Even small credit providers must now register with the National Credit Regulator

“I have a small informal money lending business. A friend told me that she has read that even small credit providers lending money must now register with the National Credit Regulator. I hardly lend more than R200,000 per year, and have not had to register in the past. Is this true?”

Your friend is correct in principle, although there are certain exclusions. The Department of Trade and Industry on 11 May 2016 published a notice determining that the threshold for registering as a credit provider with the National Credit Regulator (NCR) is now R0, for all the applicable credit providers involved in lending money. Prior to this notice, the National Credit Act (NCA), required you to register as a credit provider if the total principal debt owed in terms of all current credit agreements exceeded R500,000, but this has now been reduced to R0. Consequently credit providers who lend money in terms of the Act, irrespective of the principal debt, must now apply to be registered with the NCR. 

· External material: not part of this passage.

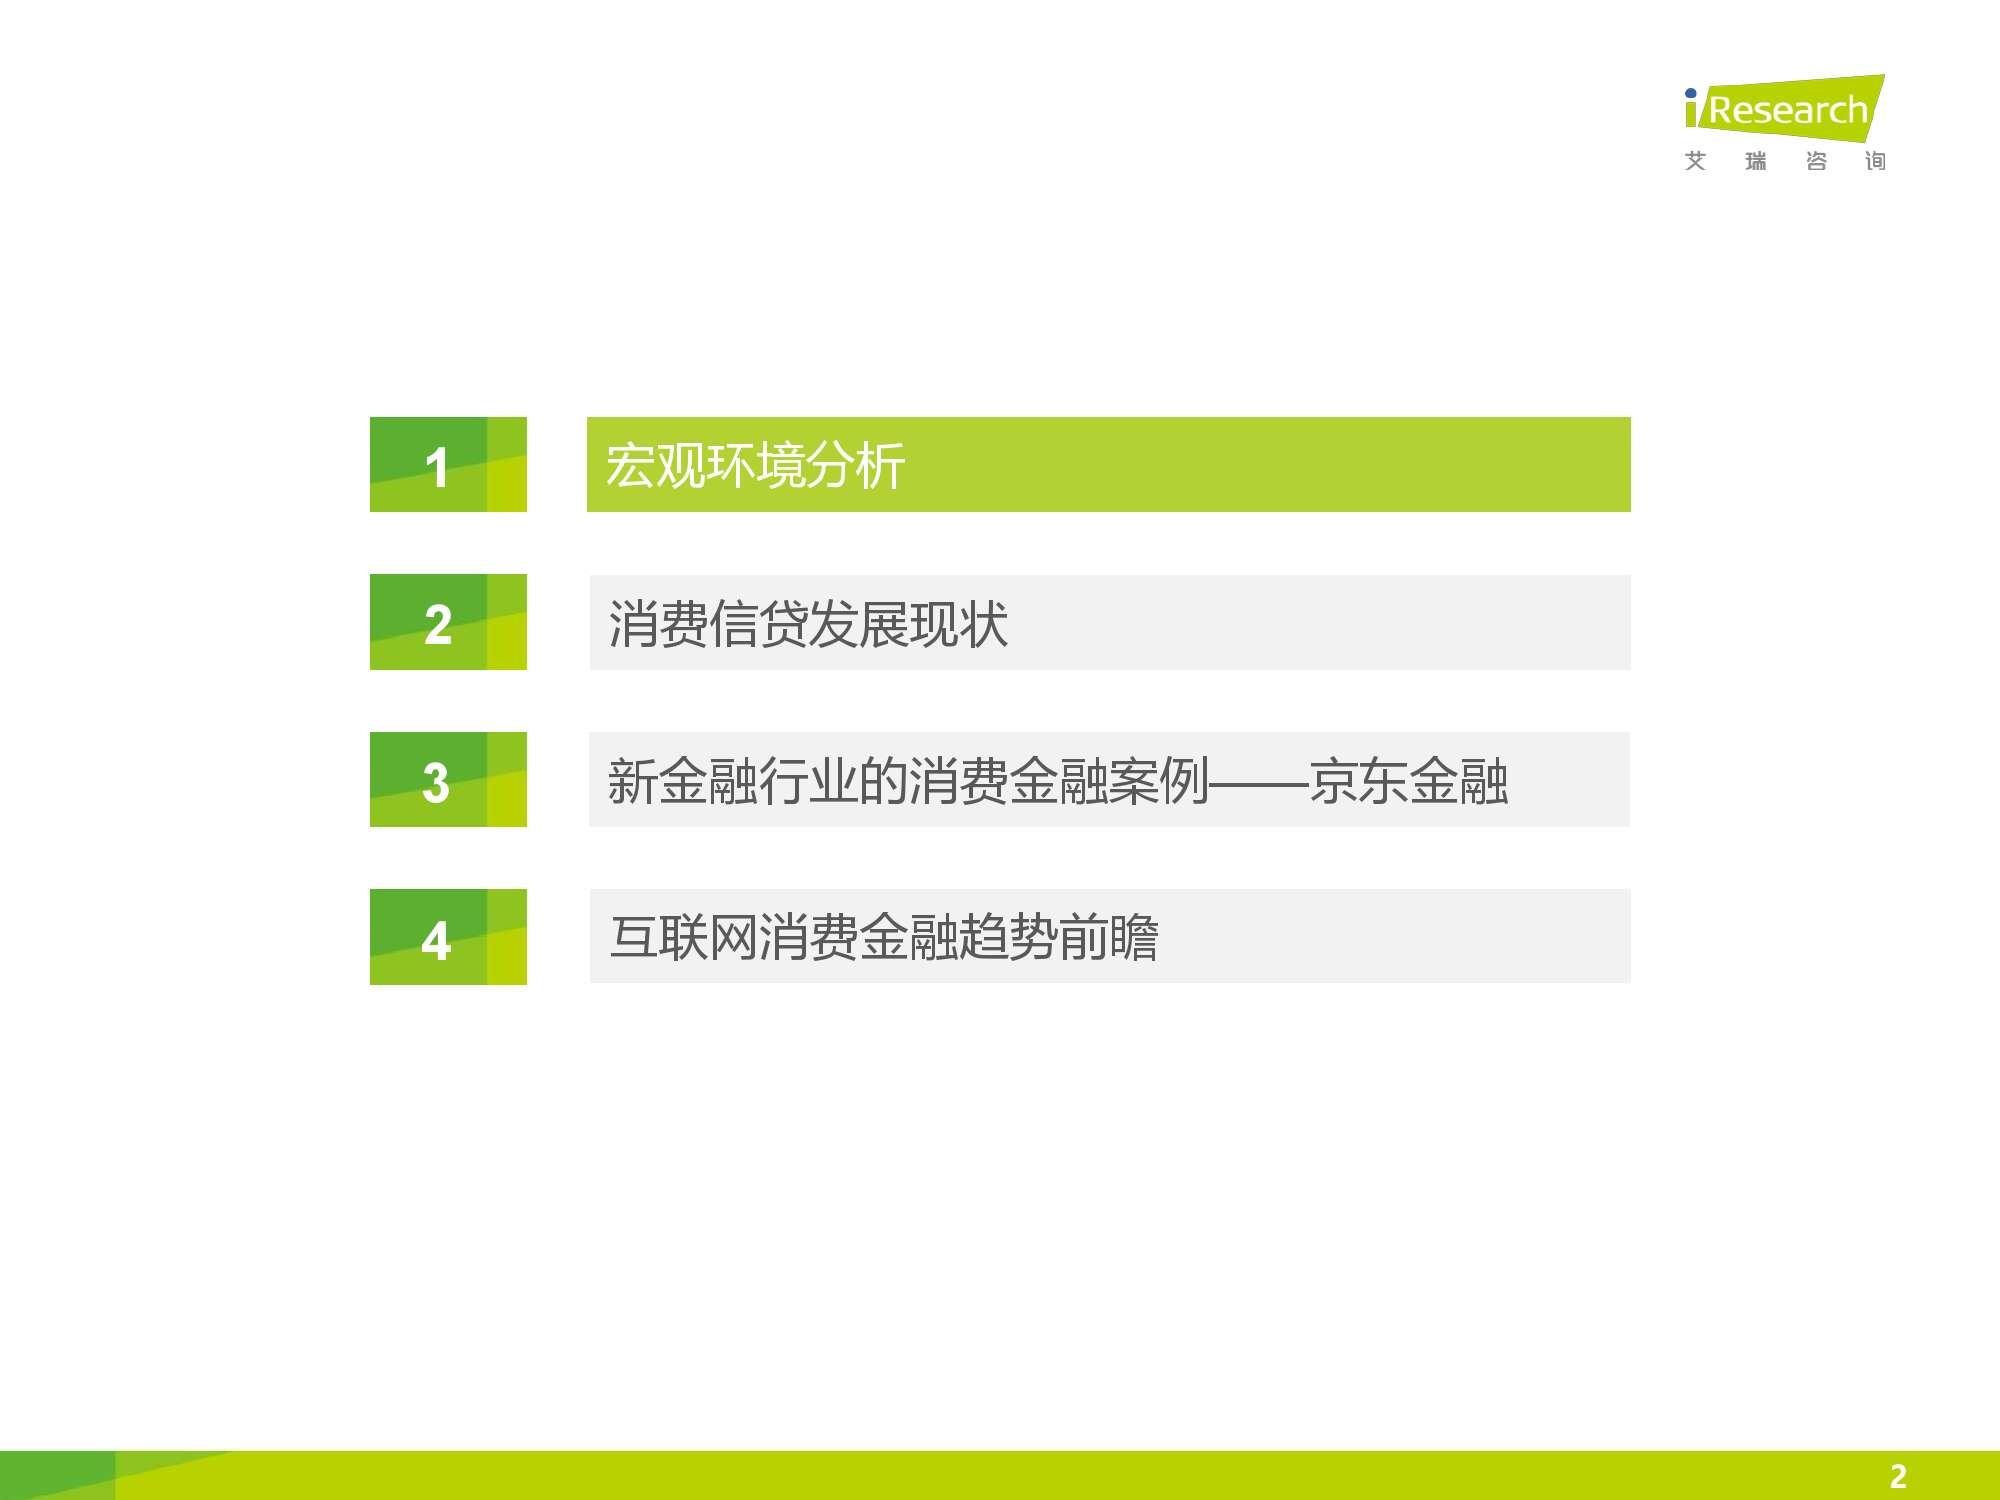 iResearch-2016年中国互联网消费金融市场研究报告_000002

It is however important to remember that the Act does not apply to certain juristic persons specifically excluded in the NCA, as well as persons who are not “at arm’s length”. Furthermore any loan which does not include interest or a fee for late or deferred payment will not fall under the definition of a “credit agreement” in the NCA and registration as a credit provider will not be required. 

The Act provides that the threshold will take effect six months after the date on which it is published in the Gazette, namely 11 November 2016. Accordingly if you are required to register for the first time due to the new threshold, you must apply for registration before 11 November 2016.

In order to register as a credit provider, you must submit an application to the NCR. If the application complies with the NCA and the applicant meets the criteria as set out in the NCA for registration, the NCR will register the applicant. Your application will have to be accompanied by an application fee and a prescribed registration fee in accordance with the credit provider category you fall in. 

Further take note that once you are registered with the NCR as a credit provider, the interest that you charge your clients will also be affected as it will have to comply with the interest rate prescribed by the Minister from time to time by a notice in the Government Gazette.